No Estado de São Paulo, a taxa de incidência das meningites por pneumococo apresentou pouca variabilidade (1,0 - 1,5/100.000 habitantes) no período de dez anos. Não se observou variação significativa em relação à letalidade, permanecendo em torno de 28% e 29% no período observado (figura 4). Quanto à faixa etária de maior risco de adoecer e letalidade observadas, concentram-se nos menores de 1 ano de idade, seguida de faixas mais extremas (idosos).

Figura 4
Meningites por Streptococcus pneumoniae: incidência e letalidade,
Estado de São Paulo, 1990 a 2004

Fonte: Sinanw/DDTR /CVE
dados em 8/4/2005

Os pneumococos podem ser classificados em mais de 90 sorotipos baseados nas diferenças químicas e imunológicas de suas cápsulas polissacarídicas. A imunidade ao pneumococo se inicia logo após a colonização da nasofaringe, porém, por induzir uma imunidade sorotipo específica, o individuo pode ser acometido por várias infecções pneumocócicas no decorrer da vida. As cápsulas polissacarídicas de pneumococo são, portanto, os componentes vacinais das vacinas disponíveis no mercado. Como a prevalência dos sorotipos de pneumococo varia por região geográfica e faixa etária, a vigilância laboratorial do pneumococo em uma região, contemplando os sorotipos mais prevalentes, é fundamental para introdução de medidas preventivas, assim como o  monitoramento da resistência antimicrobiana como guia para o tratamento empírico.

O Projeto Sireva-Vigia (Sistema Regional de Vacinas), patrocinado pela Organização Pan-Americana de Saúde (Opas), possibilita a vigilância laboratorial do pneumococo no âmbito da América Latina. No Brasil, o Sireva foi instituído em 1993, por meio de parceira entre o Ministério da Saúde (Secretaria de Vigilância em Saúde – SVS) e hospitais públicos e privados, coordenado tecnicamente pelo Instituto Adolfo Lutz de São Paulo.

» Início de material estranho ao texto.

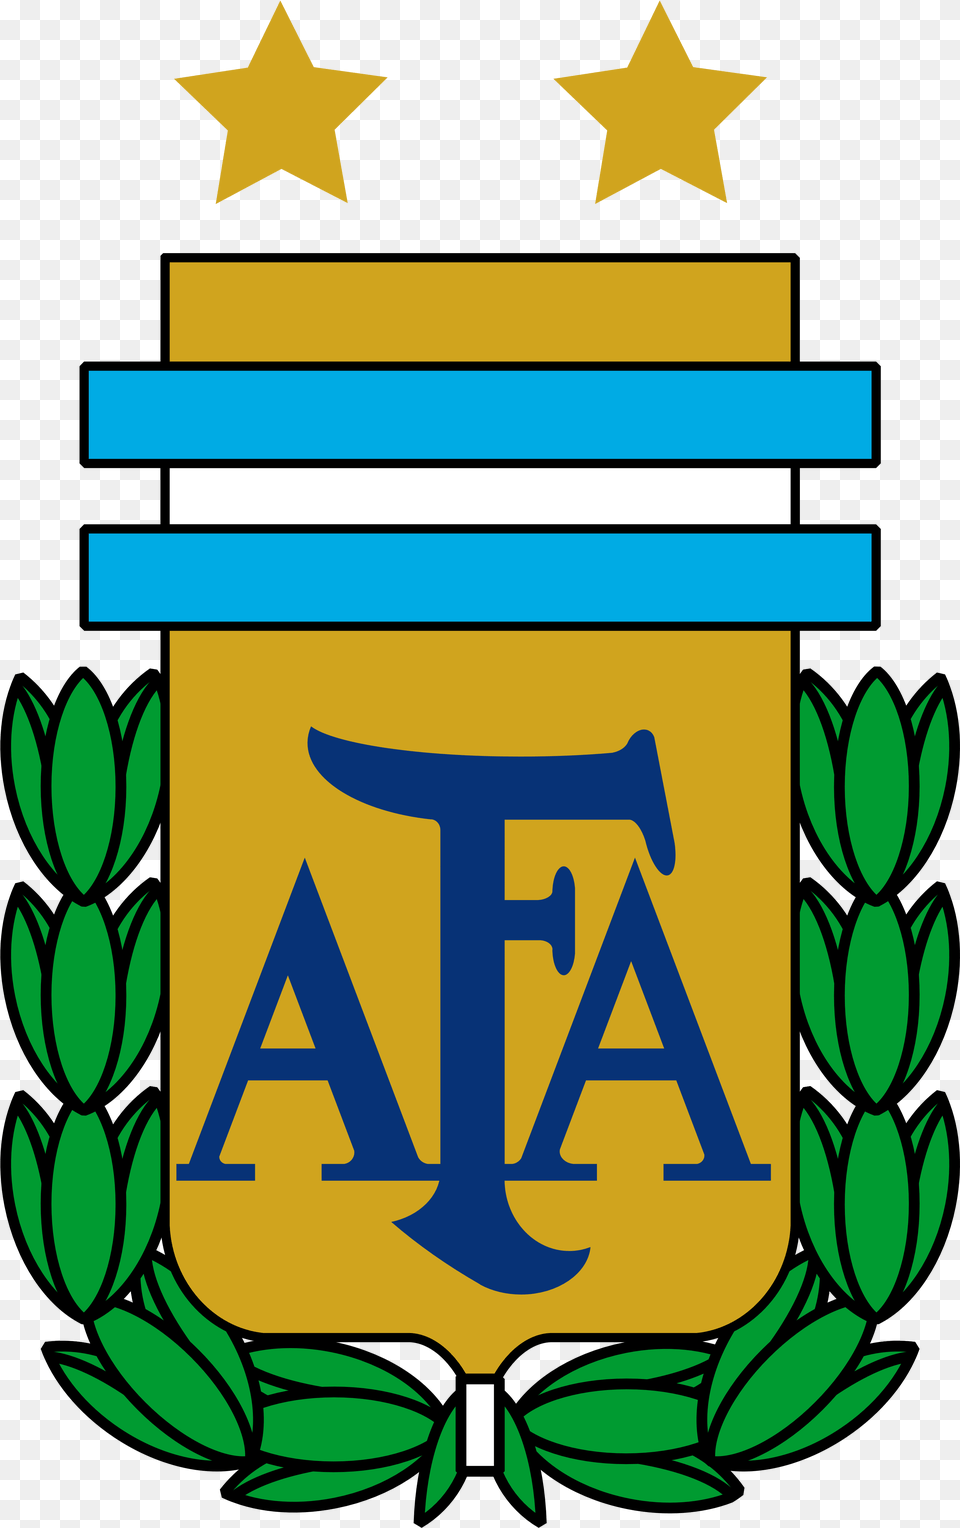 Argentina National Football Team Logo Crest Soccer Logo Argentina Dream League Soccer 2017, Symbol, Emblem Free Png Download

Apesar de 90 sorotipos de pneumococo, somente um número limitado destes (8-10 sorotipos) são responsáveis por 60% a 70% das infecções pneumocócicas. Logo, este fato possibilitou o desenvolvimento de vacinas conjugadas polivalentes.

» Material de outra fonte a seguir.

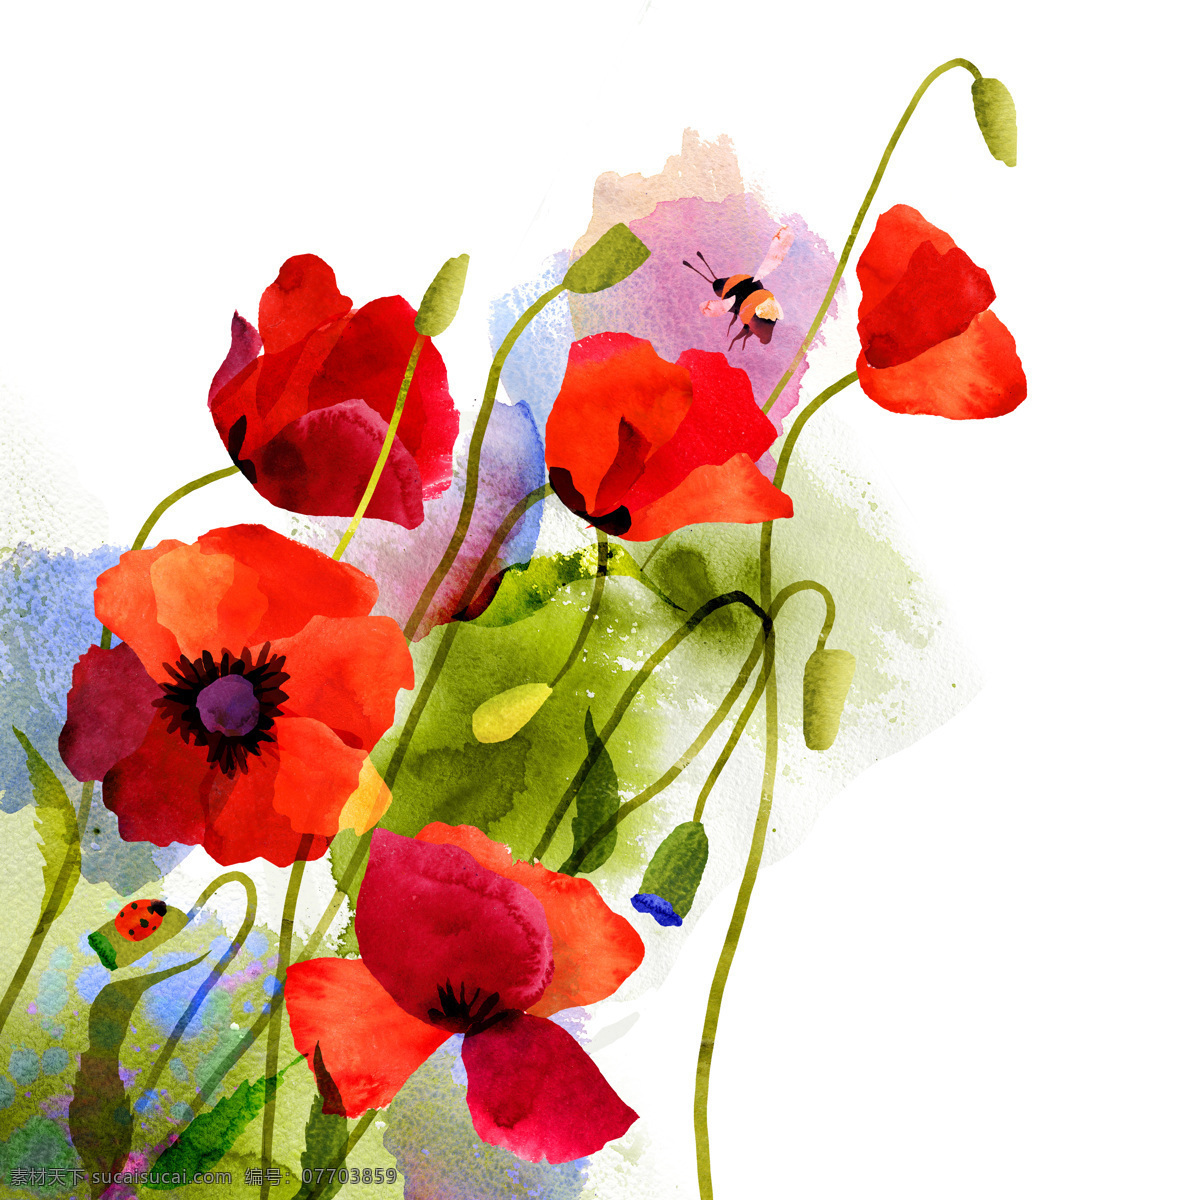 水墨 红色 花朵 红色花朵 水墨画 手绘花朵 手绘图案 植物 花卉 书画文字 文化艺术

Os nove sorotipos de pneumococo prevalentes no Brasil, entre as cepas invasivas (isoladas de líquidos normalmente estéreis), são o 1, 3, 5, 6 A, 6B, 14, 18C, 19F e 23F; os sorotipos prevalentes em crianças menores de 5 anos são: 1, 5, 6 A, 6B, 9V, 14, 18C, 19F e 23F.

A vacina conjugada 7-valente inclui os sorotipos 4, 6B, 9V, 14, 18C, 19F e 23F, que são prevalentes como causa de doença invasiva nos países do Hemisfério Norte. Esta vacina é indicada para crianças até 5 anos, com uma cobertura potencial estimada entre 60% e 75% sobre as cepas invasivas isoladas no Brasil. Observa-se a alta prevalência de cepas dos sorotipos 1 e 5 no País, as quais não estão presentes na vacina 7-valente. A figura 5 mostra a cobertura estimada desta vacina por diagnóstico clínico e faixa etária.

Figura 5
Cobertura estimada da vacina pneumocócica conjugada 7-valente

 

A vacina polissacarídica 23-valente inclui uma mistura de polissacárides capsulares, não conjugados, de 23 sorotipos de pneumococo (sorotipos 1, 2, 3, 4, 5, 6B, 7F, 8, 9N, 9V, 10A, 11A, 12F, 14, 15B, 17F, 18C, 19F, 19A, 20, 22F, 23F e 33F). Esta vacina, por ser polissacarídica, é indicada para crianças acima de 2 anos e adultos e utilizada no Programa Nacional de Imunização (PNI/MS) para os Idosos, tendo uma cobertura estimada em 90%.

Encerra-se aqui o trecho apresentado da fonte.